Cameron L. McDermott, 32, of Hempstead, pleaded guilty Friday, Feb....

Cameron L. McDermott, 32, of Hempstead, pleaded guilty Friday, Feb. 9, 2018, to sexually assaulting two unconscious women in Manhattan, prosecutors said. Credit: NCPD

A Hempstead man pleaded guilty Friday to sexually assaulting two unconscious women in New York City — repeated attacks caught on video seized from his home, officials said.

Cameron L. McDermott, 32, admitted first-degree rape and first-degree sexual abuse after being charged last year in a 200-count indictment, Manhattan District Attorney Cyrus R. Vance Jr. said in a news release.

McDermott is scheduled to be sentenced April 6 in State Supreme Court in Manhattan to 10 years in prison and 5 years of supervision following his release, officials said.

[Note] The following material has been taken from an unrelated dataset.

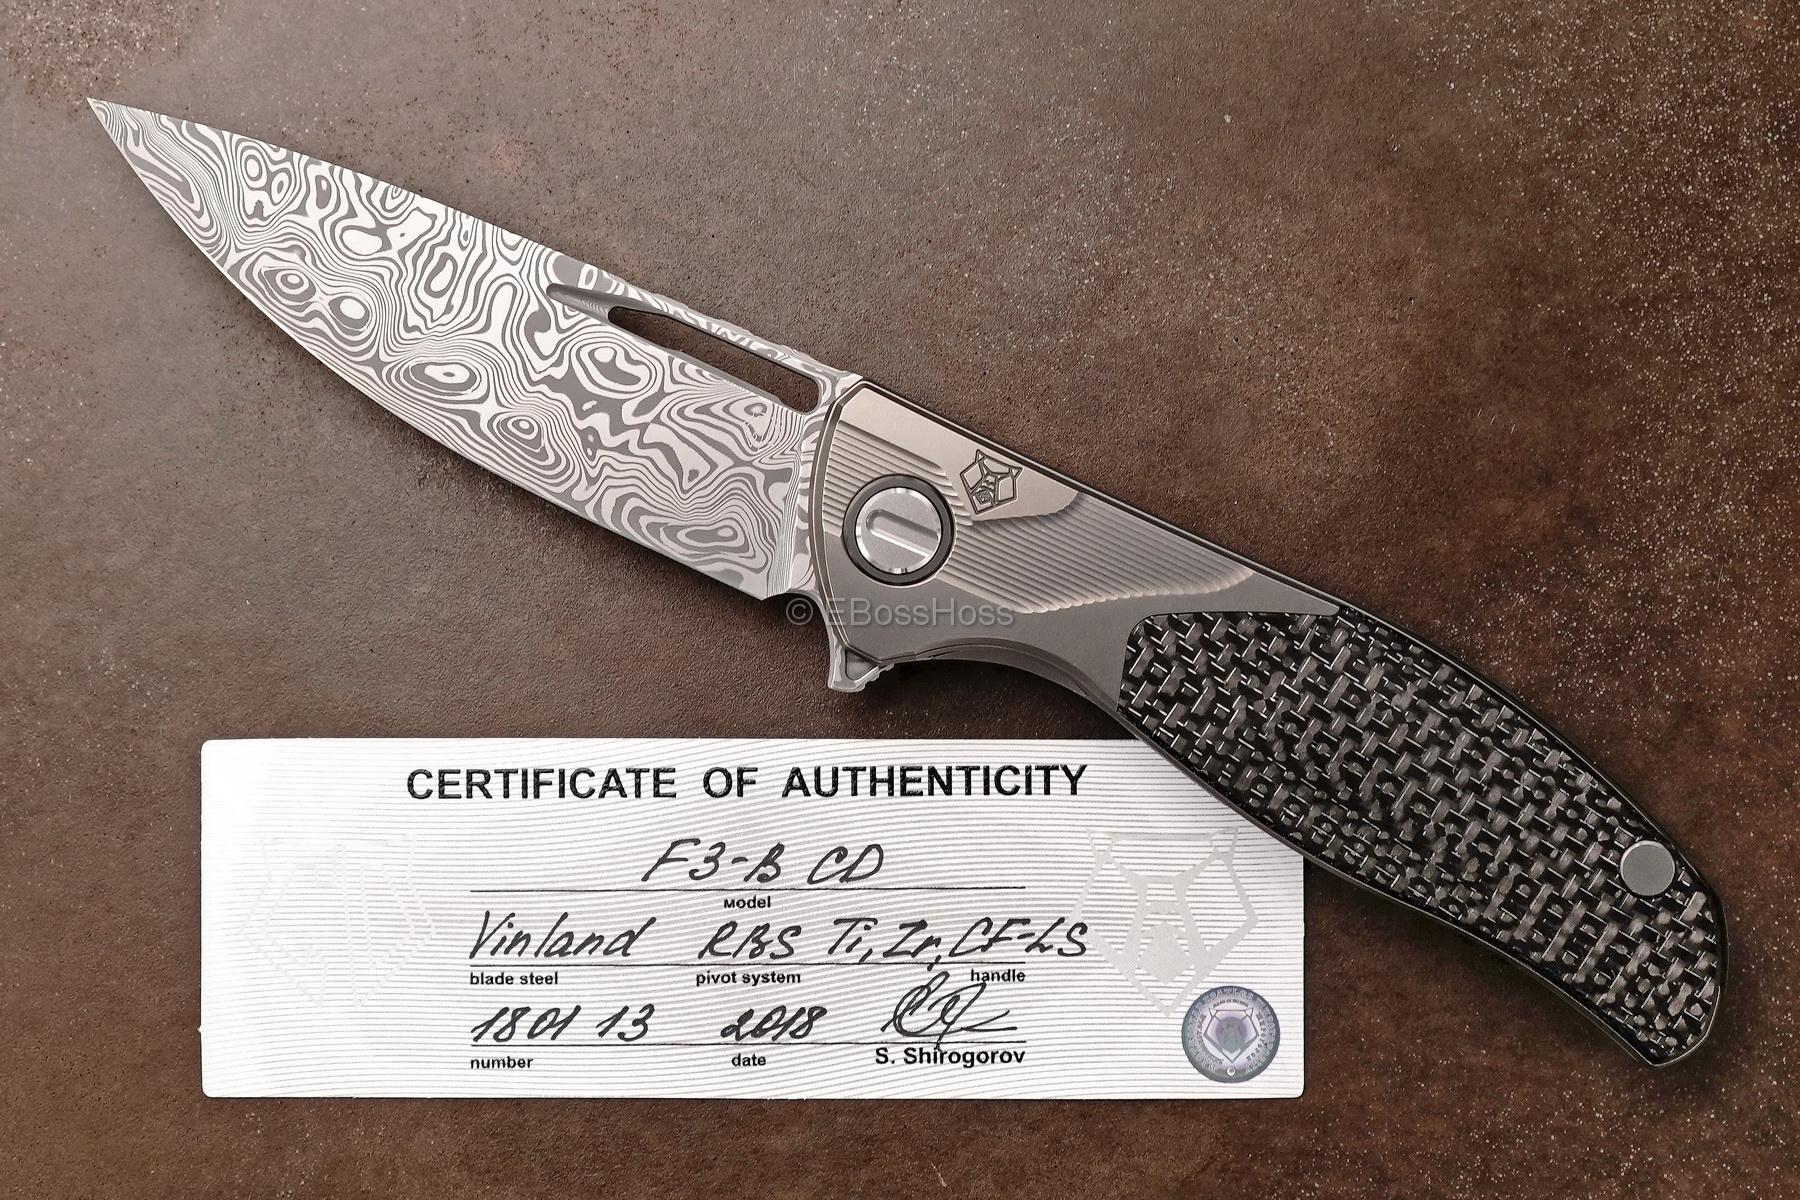 Sergey Shirogorov Custom Division Deluxe F3-B Flipper

Authorities said the victims — one, attacked on eight occasions in 2010, the other attacked five times in 2013 — knew McDermott but were “unaware the conduct had occurred.”

The attacks came to light, authorities said, when Garden City police executed a search warrant during an investigation of McDermott as a suspect in a public lewdness and child pornography case.

That case came about after police said the Hempstead man exposed himself several times to women in Garden City over a four-month span — resulting in his arrest in January 2017.

The case against McDermott for the Garden City incidents is still pending, according to the office of Nassau County District Attorney Madeline Singas.

During the subsequent warrant search, authorities said Garden City detectives uncovered video and photographs of the women assaulted by McDermott in their Manhattan apartments.

That evidence was recovered from McDermott’s computers and USB drives, officials said.

“Cameron McDermott violated two women while they were unconscious and unable to protect themselves from his predatory abuse,” Vance said in a statement. “While a criminal conviction cannot begin to undo the damage done by these attacks, I hope his guilty plea brings a measure of comfort to the survivors in this case.”

Vance also noted the role of Garden City police, saying, “Had it not been for their diligence in executing a court-ordered search of his devices following an arrest in Nassau County, these assaults in Manhattan might have gone undiscovered.”